Ya, meskipun aku bukan anak kandungnya. Tapi, setidaknya dia selalu ada dan selalu paham dengan apa yang aku inginkan. Ia juga, selalu menyayangi aku sama seperti ia menyayangi kedua anak dan istrinya. Itulah yang membuat aku lebih berharga dari sebelumnya saat ini.
"Emys?" panggil Ayah sambil melambaikan tangannya ke arahku, aku yang merasa di panggil langsung terperanjat kaget ke arahnya dan menatapnya dengan tatapan yang sendu.
"Iya Ayah. Ada apa?" jawabku dengan sangat sopan dan menutupi semua kegugupan yang aku rasakan saat ini.

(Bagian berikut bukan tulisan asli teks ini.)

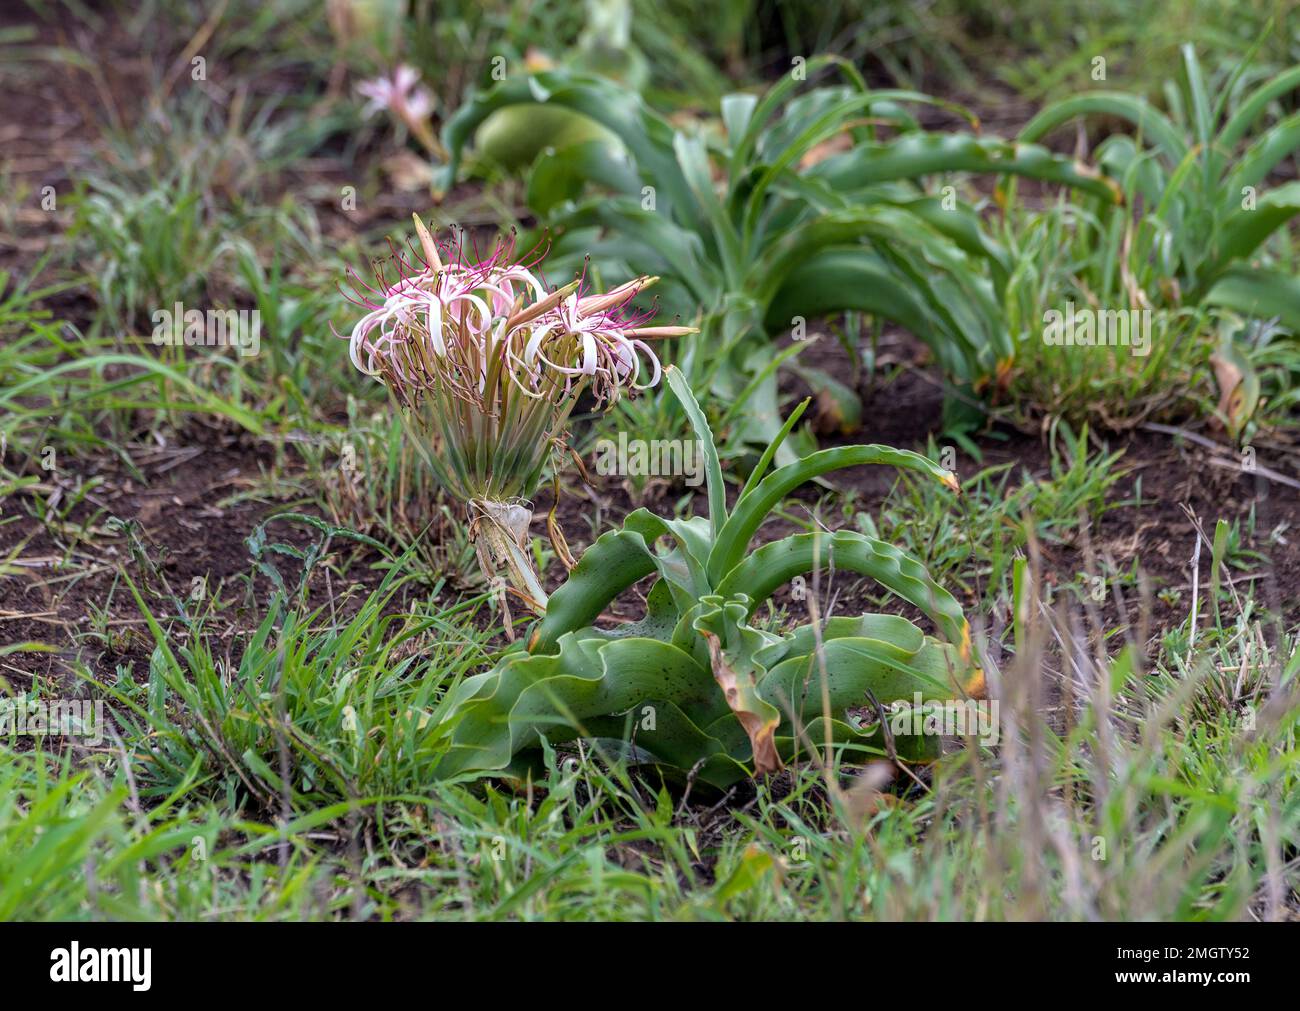 Sand lilly (Crinum buphanoides) from Kruger NP, South Africa. Stock Photo
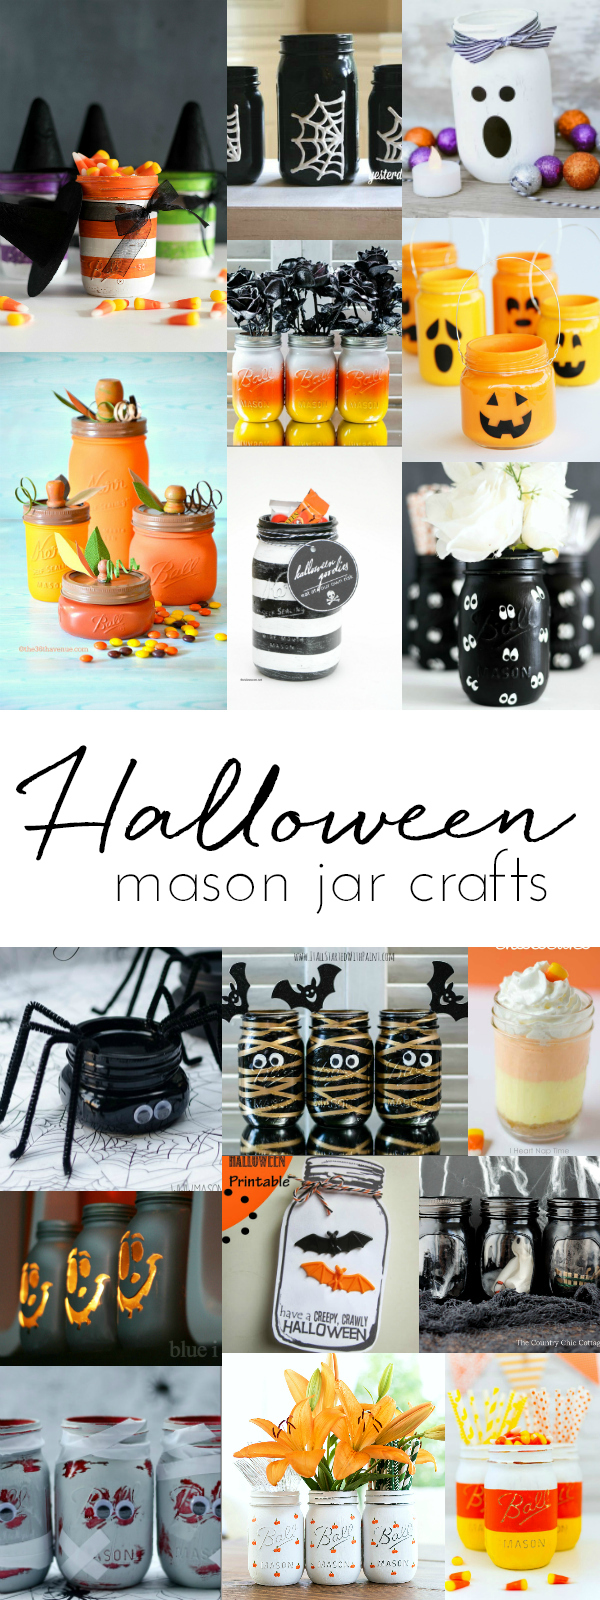 45+ Easy Halloween Crafts — Best DIY Craft Project Ideas for Halloween

Jujur saja, aku sangat takut saat ini. Soalnya Ayah sudah sangat tajam melihat diriku dari atas sampai bawah. Aku sangat takut dia mengetahui apa yang di lakukan oleh anak dan istrinya yang sangat kejam saat ini kepadaku.
"Tanganmu kenapa?" tanya Ayah dengan sangat lembut.
"Gapapa ko Yah, tadi ada insiden kecil aja mangkanya begini," ujarku dengan sangat hati-hati.
"Insiden kecil gak mungkin satu badan luka dong?" tanya Ayah.
Tubuhku menegang mendengar pertanyaan dari ayah. Rasanya ingin sekali aku menenggelamkan diri ke sungai dan tidak muncul ke permukaan lagi sampai suatu hari nanti. Tapi, apalah daya. Aku tidak bisa melakukannya saat ini. Aku hanya bisa pasrah kepada Dewi Fortuna agar bisa berpihak kepadaku pagi ini.
"Itu hanya perasaan Ayah aja, aku gapapa ko. Tadi, aku abis jatuh aja dari tangga karena buru-buru ke dapur pengen minum. Yaudah deh dapat beginian," jawabku dengan sangat takut.
"Bukan karena ulah mereka semuakan?" tanya Ayah dengan sangat tegas.
"Tidak Ayah, tenang aja. Mereka semua baik kepadaku saat ini. Mereka juga selalu sayang sama Emys sekarang ini. Ayah tenang aja ya."
"Maafkan Ayah, Ayah akan meninggalkan kamu dan anak-anak Ayah dalam waktu dekat ini. Ayah di tugaskan di Jepang selama beberapa hari ke depan."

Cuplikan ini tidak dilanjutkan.